Острова относились к своим двойникам спокойно и отрешенно, а мы, кажется, страдали близнечной хворью. Не знаю почему, и я, и Настасья легко отождествляли себя с персонажами самых разных любовных историй, от пошлых киногероев до образов бессмертных типа Тристана и Изольды либо Хосрова и Ширин. Мы что-то слишком быстро сговорились, все как-то второпях и сгоряча. Все лирические песни были про нас, все стихи и поэмы. В плаще с гитарой под полою тащился я по ночной Севилье к ее балкону, она ждала меня в доме на холме, слушая выстрелы войны Севера с Югом, у нас было столько имен и одежд, нескончаемый карнавал.

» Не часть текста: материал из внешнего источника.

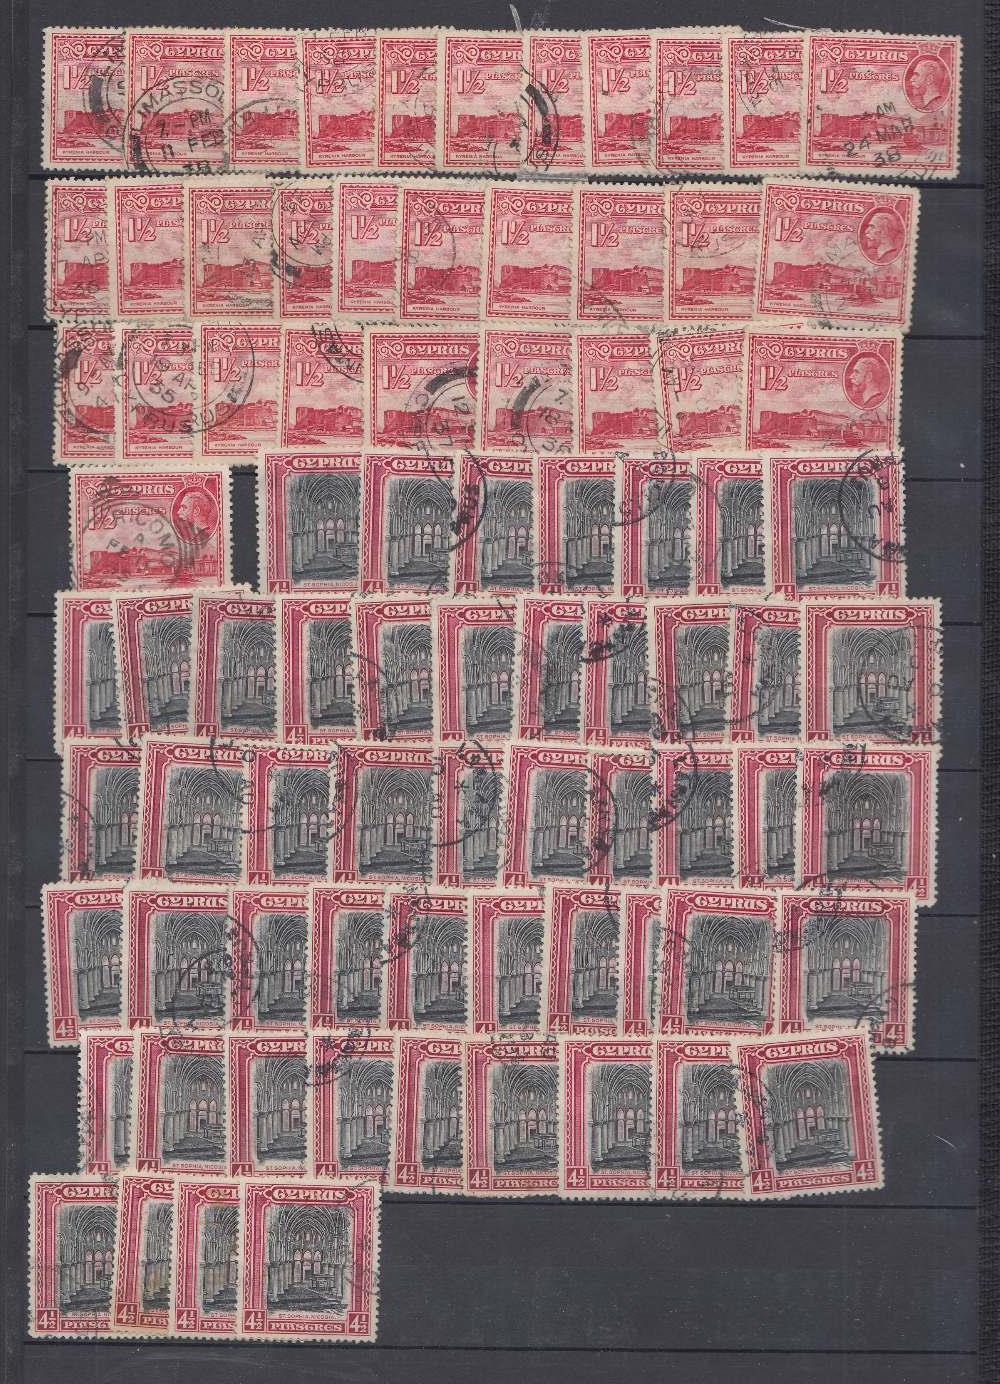 STAMPS CYPRUS - An ex-dealers mint and used duplicated stock housed in two stock books with QV to - Image 2 of 3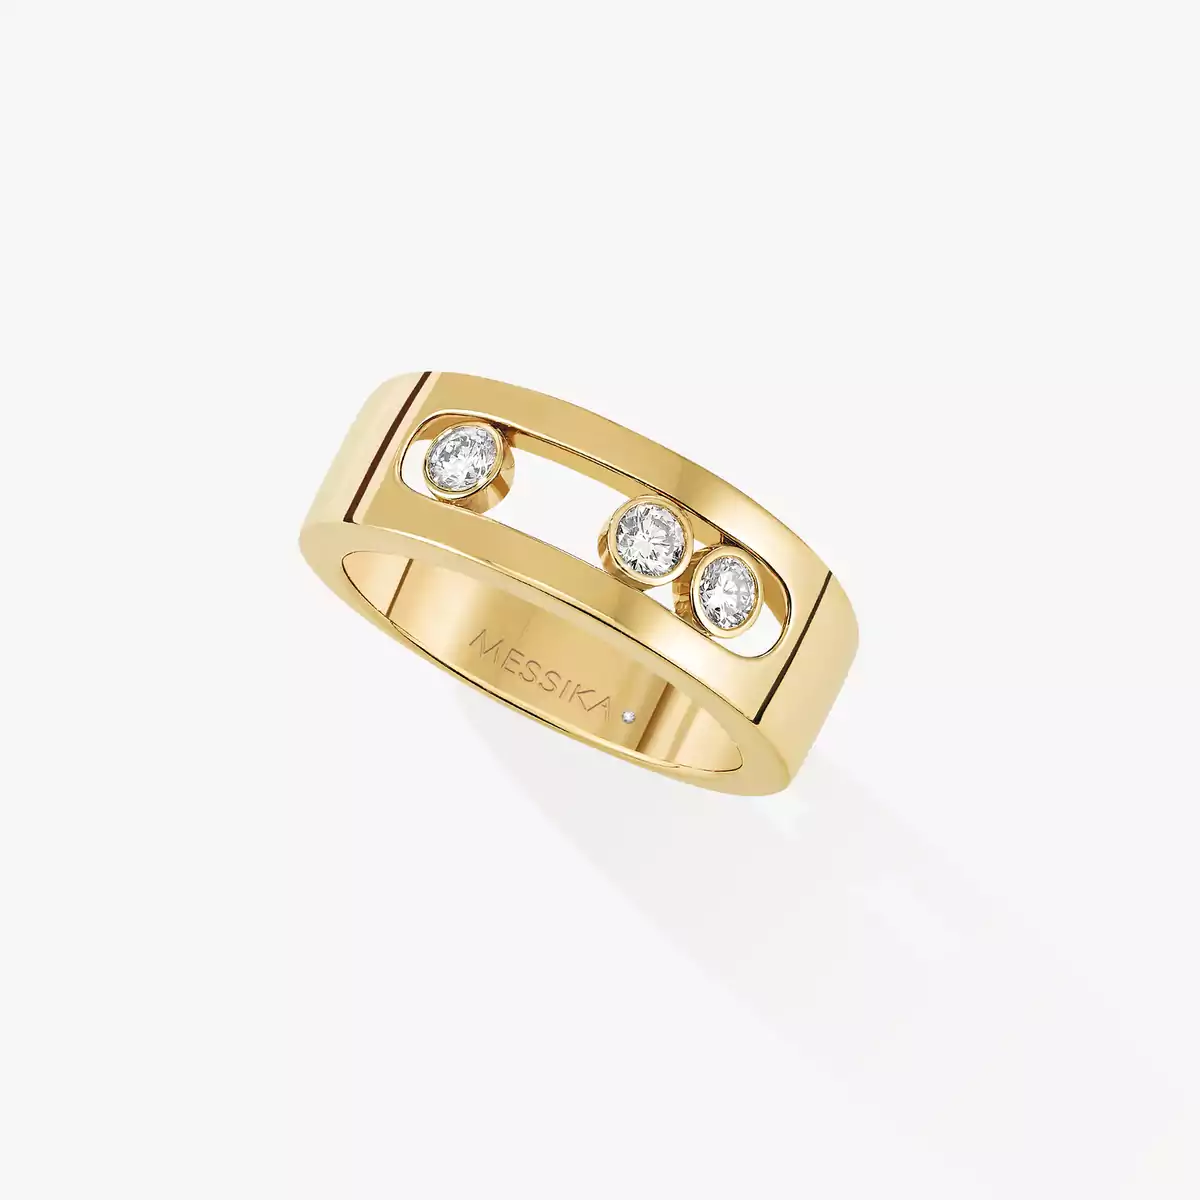 Move Joaillerie SM Yellow Gold For Her Diamond Ring 04704-YG

Почти неслышно открыл я дверь, вошел в прихожую, возник чуть раньше, чем ожидалось.
Зазвонил телефон.
Я поднял трубку, но не успел ничего сказать: в глубине квартиры одновременно со мной подняла трубку параллельного телефона Настасья. Я слушал, как во сне, не в силах ретироваться из чужого диалога, подслушивал сперва невольно, потом автоматически.
БУЯНЫ
В соседней спецлаборатории, куда частенько хаживал я слушать Булата Шалвовича, как известно, различали и запоминали человеческие голоса самым научным образом при помощи зет-ритмов, фонем и формул, вполне для меня темных; минуя все это, я постепенно исподволь научился различать и запоминать голоса просто так, на слух, без шифров и кодов, однако навсегда.
Голос собеседника Настасьи я узнал с ходу: то был человек с красной авторучкой.
Мнемонические способности мои по части запоминания текста тогда проявиться еще не успели (сейчас я, пожалуй, могу повторить на слух с одного раза небольшой период на любом незнакомом языке — я развил обнаружившиеся данные упорным трудом...), поэтому диалога их тогдашнего сегодня не помню. Я не улавливал до конца, о чем говорит с моей возлюбленной неприятный мне человек. Я слышал, что ей разговор не доставляет удовольствия, иногда мне хотелось вмешаться, но я не мог.
— Я ведь тоже получил письмо, — говорил он.
— Тоже? Я не знала, что ты следишь за моей почтой, — отвечала Настасья.
— Это не я слежу, а те, кому положено.
— А ты с ними коньячок пьешь?
— Я его со всеми пью.
— Какое тебе дело до моих писем?
— Мне до тебя дело и до моих друзей. Я ведь письмо не местное получил, издалека, от друзей друга. Тебя не интересует, что там написано?
— Интересует, — ответила она хрипло, чиркнув спичкой, закурив.
— Возьми пепельницу, шелковый халатик свой зеленый прожжешь.
— У тебя теперь опытный образец видеотелефона испытания проходит?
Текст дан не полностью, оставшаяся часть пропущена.